Dressed in a blue sport coat and an open-necked light blue shirt, Ren was jovial and animated during the two hour and 20 minute meeting.
Ren said he became a Communist Party member in the early 1980s after the state press published reports about his development of a measuring tool for an engineering project. Earlier, he couldn’t join because his father was deemed a “capitalist roader,” but the party was trying to promote young, technologically capable people after the violent, ultra-radical Cultural Revolution in 1976.
Ren founded Huawei in 1987 to sell imported telecom switching gear to Chinese phone companies after the PLA disbanded his engineering unit, according to the company.
Despite his party membership, Huawei makes decisions based on its customers’ needs, Ren said.
“I don’t see a close connection between my personal political beliefs and our commercial decisions,” he said.
Huawei’s US market evaporated in 2012 after a congressional panel said the company and its smaller Chinese rival, ZTE Corp., were security risks and urged phone companies to avoid them.
But Huawei passed Sweden’s LM Ericsson to become the biggest supplier of network gear and its smartphone brand displaced Apple Inc. last year as the No. 2 global seller behind Samsung.
The company forecasts last year’s revenue will exceed $100 billion for the first time. Ren said this year’s target is $125 billion.

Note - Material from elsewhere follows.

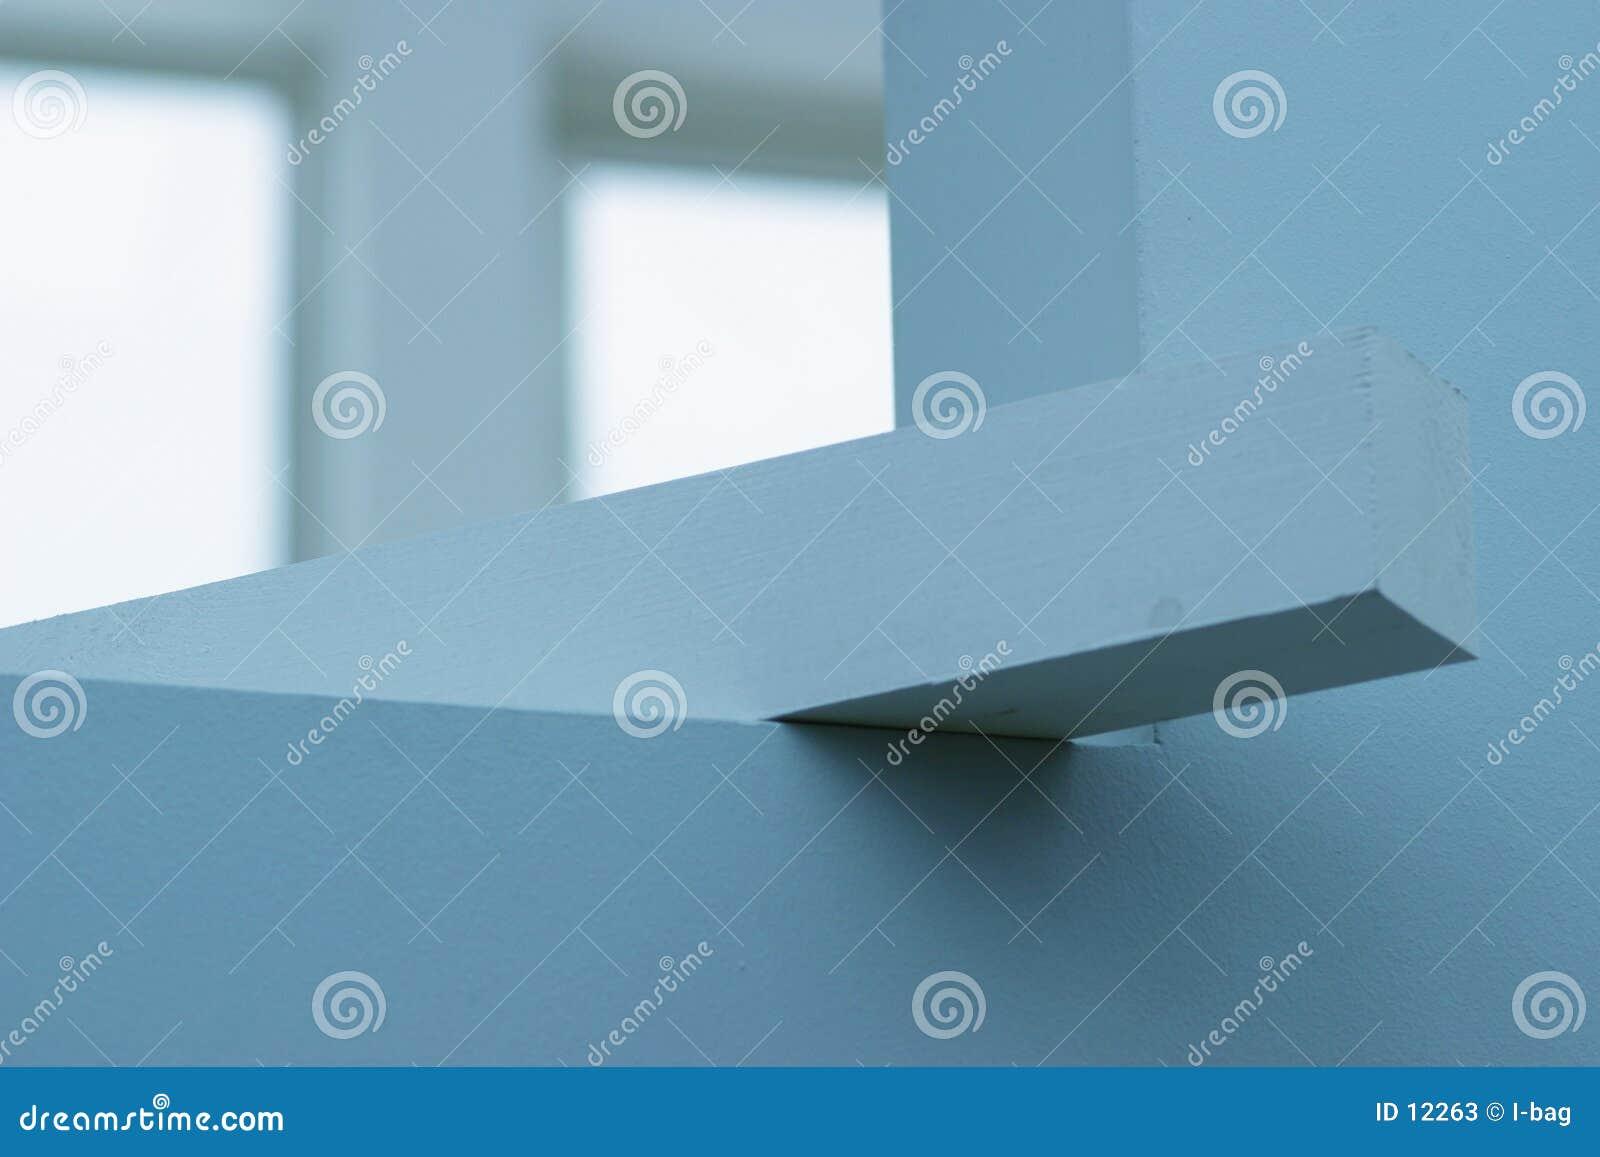 Balanced beam

Huawei says it is employee-owned. Ren said no government entity or any other investor who isn’t a current or former employee owns “one cent of Huawei shares.”
Ren said Huawei has no research cooperation with China’s People’s Liberation Army and no dedicated unit for military sales and he knew of no PLA purchases of civilian technology.
Ren said the security concerns have yet to have a significant effect on Huawei’s business. The company has signed 5G contracts with 30 carriers and has shipped 25,000 base stations, he said.
Huawei has plenty of opportunities even if it faces higher barriers in some markets, he said.
“If we are not allowed to sell in certain markets, we will have a smaller operation,” he said. “So long as we can feed our employees, we are satisfied.”
Ren defended Huawei’s decision to remain privately held — a status that has fueled questions about its intentions and who controls it. He said that helped to preserve its long-term focus on customer service and product development.
Publicly owned companies care more about a “beautiful balance sheet” while Huawei is focused on a “strong industry structure,” he said.
“Capital tends to be greedy.”
Ren also warned against allowing security concerns to divide the globe into isolated markets with incompatible technology standards — a scenario some people have suggested might result from US-Chinese tensions.
“Arbitrarily dividing the world into two technology camps can only harm the interests of all society,” he said.
Asked about President Donald Trump’s suggestion on Twitter that he might intervene in Meng’s case if that facilitated a resolution of Washington’s tariff battle with Beijing, Ren said he would wait to see whether Trump takes action.
“As for President Trump as president, I still believe he is a great president,” Ren said. He said Trump was elected to cut taxes, which he believed was beneficial for American industry.
However, he said, “If companies are getting frightened by the detention of certain individuals, then investors might be scared away, and that is not in the interests of the United States.”
Ren said he didn’t believe Huawei would face US penalties similar to those that nearly drove smaller Chinese rival ZTE Corp. out of business. Washington barred ZTE from buying American technology over its exports to Iran and North Korea but restored access after the company paid a $1 billion fine, replaced its executive team and installed US-selected compliance monitors.
“What happened to ZTE, I don’t believe will happen to Huawei,” said Ren. However, he said, “if it did happen to Huawei, I don’t believe the impact would be very significant. I believe telecom operators would continue to trust Huawei.”
Ren said Huawei doesn’t want Beijing to retaliate for foreign restrictions by hampering market access for Apple Inc. and other rivals.
“In spite of setbacks in some countries, we are still supportive of China becoming a more open country.”